Highlights & Insights

  • Diagnosing "slow convergence" as "insufficient semantic encoding capacity" via a spectral lens: The authors used time-step reallocation experiments (giving more compute to noisy steps improves FID) to identify the bottleneck in low-frequency encoding, providing a logically sound justification for the architectural solution.
  • Double dividends from a single design: Representation alignment both accelerates convergence and naturally preserves high consistency in self-conditions across adjacent steps, enabling "shared encoder" inference acceleration for free.
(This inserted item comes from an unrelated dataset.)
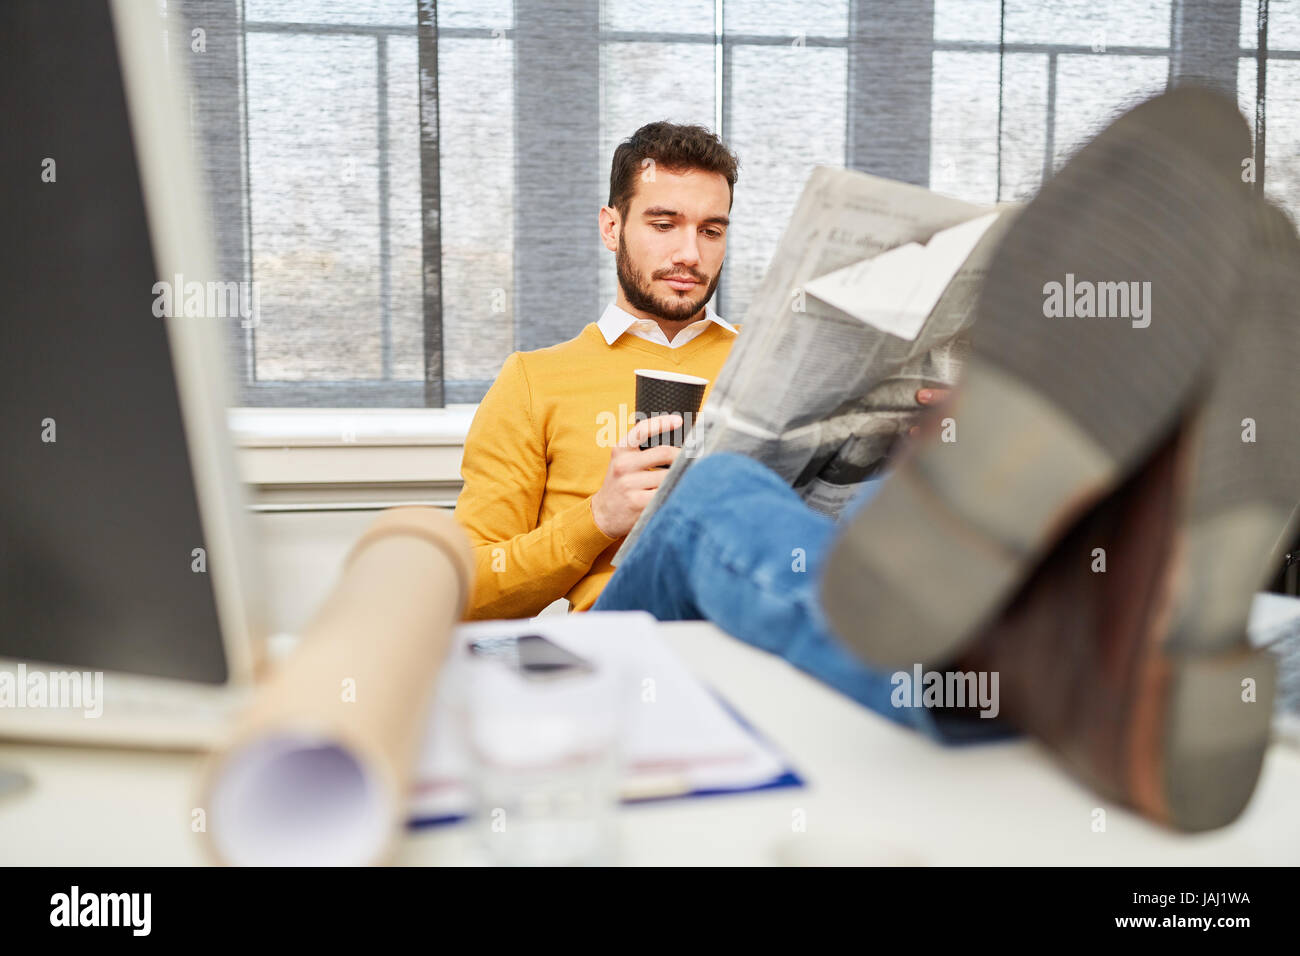 Man reading newspaper at office during coffee break relaxation Stock Photo
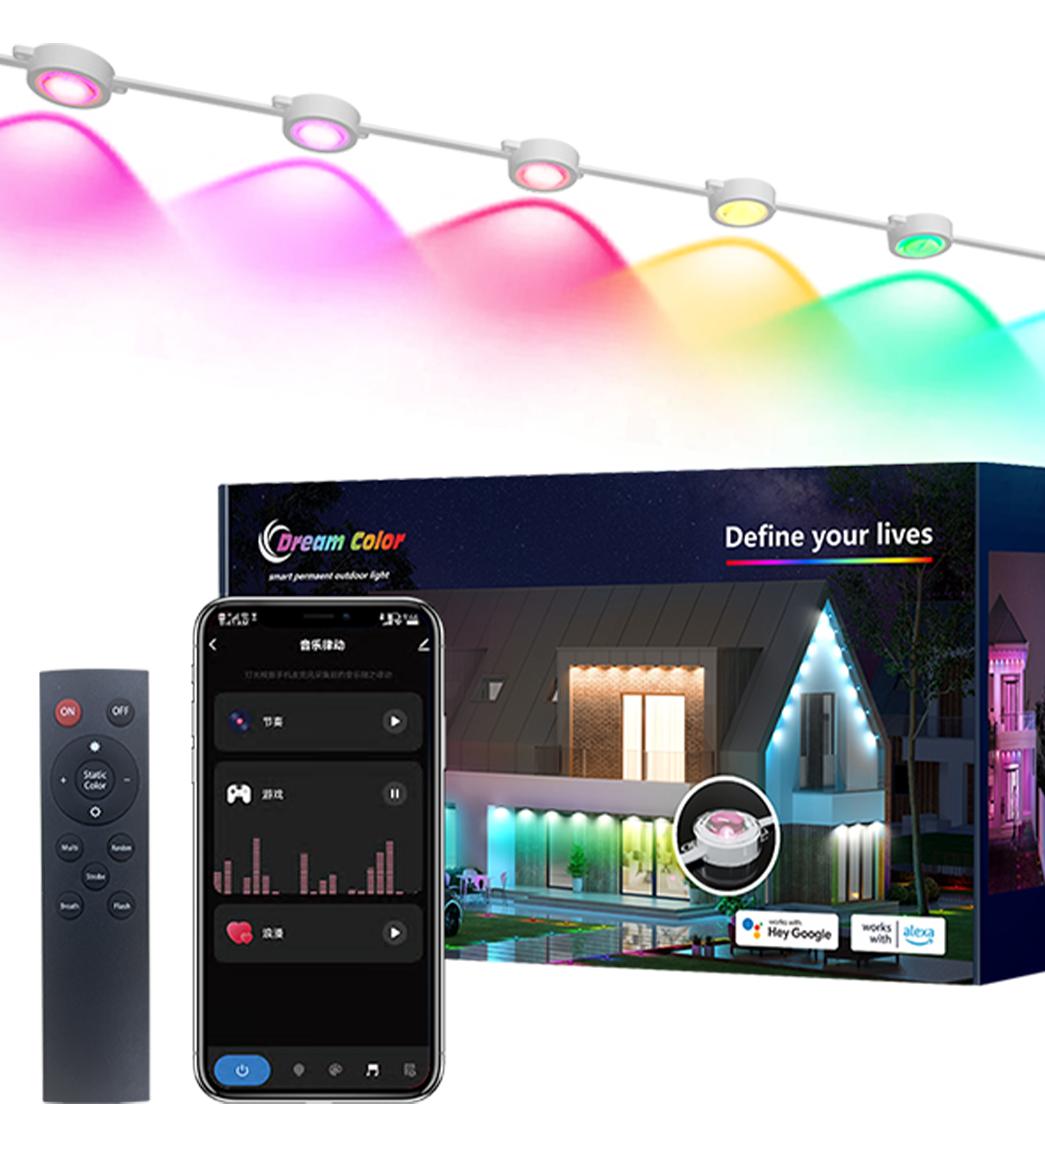 CL LIGHTING's Smart Christmas Lights: Helping You Make the Most of Your Holidays

The architectural decoupling is not an isolated change but connects training and inference acceleration.
  • Upgrading cache reuse from heuristic to optimization: Unlike DeepCache-style methods that rely on manual uniform caching, DDT models the selection of recomputation steps as a minimum sum path problem solved via DP in seconds, a strategy transferable to any diffusion scenario with redundant adjacent features.
  • The "large encoder, small decoder" asymmetric design insight can be directly applied to parameter allocation in other generative Transformers.

Limitations & Future Work

  • Limited task scope: Experiments were conducted only on ImageNet class-conditional generation (256/512). The effectiveness of the decoupled architecture in more complex conditions like text-to-image or text-to-video has yet to be verified. ⚠️ The authors noted slight degradation in some metrics at 512, attributed to insufficient fine-tuning steps.
  • Ratio determined by sweeping: The optimal encoder/decoder layer ratio was found through empirical sweeping (and varies significantly with scale), lacking predictive theoretical guidance; it might require re-sweeping for different datasets or model scales.
  • Budget selection for self-condition sharing: The trade-off between sharing ratio and quality requires manual selection of the budget \(K\), even though DP provides the optimal \(\Phi\) for a given \(K\).
  • Future directions: Extending the decoupling idea to text-conditioned diffusion or making the encoder/decoder ratio adaptive during training are natural next steps.
  • vs REPA: REPA adds representation alignment to a decoder-only structure to enhance low-frequency encoding, but performance saturates as the model scales. DDT completely separates encoding and decoding while reusing REPA’s alignment loss, consistently leading at the XL scale (1.31 vs 1.42 FID) with ~4× faster convergence.
  • vs DiT / SiT: Both are homogeneous decoder-only Diffusion Transformers. DDT identifies their inherent optimization dilemma between "semantic encoding vs high-frequency decoding" and solves it with an asymmetric encoder-decoder, where the fundamental difference lies in the architecture rather than training tricks.
  • vs DeepCache (UNet Cache Reuse): DeepCache uses manual uniform caching for UNet acceleration, but UNet lacks representation alignment and has poor adjacent step consistency. DDT possesses stronger consistency and uses Statistic Dynamic Programming for optimal sharing, resulting in more stable acceleration with less quality loss.
  • vs MAR: MAR relies on semantic features produced by a masked backbone to overcome the insufficient capacity of a lightweight decoder head. This shares the same motivation as DDT's "isolating semantic encoding," but DDT follows a purely continuous diffusion approach with encoder-decoder decoupling.

Rating

  • Novelty: ⭐⭐⭐⭐⭐ A clear and unique design path from spectral diagnosis to encoder-decoder decoupling and DP sharing.
  • Experimental Thoroughness: ⭐⭐⭐⭐⭐ Systematic comparison across sizes + ablation on ratios/block types/sharing strategies + SoTA on both 256/512 resolutions.
  • Writing Quality: ⭐⭐⭐⭐ The logic from diagnosis to design to verification is smooth and formulas are clear; certain details (like the DP state transition) might require checking the original text for full context.
  • Value: ⭐⭐⭐⭐⭐ 4× training speedup + nearly 3× inference speedup + new SoTA, with "large encoder, small decoder" providing general guidance for future model design.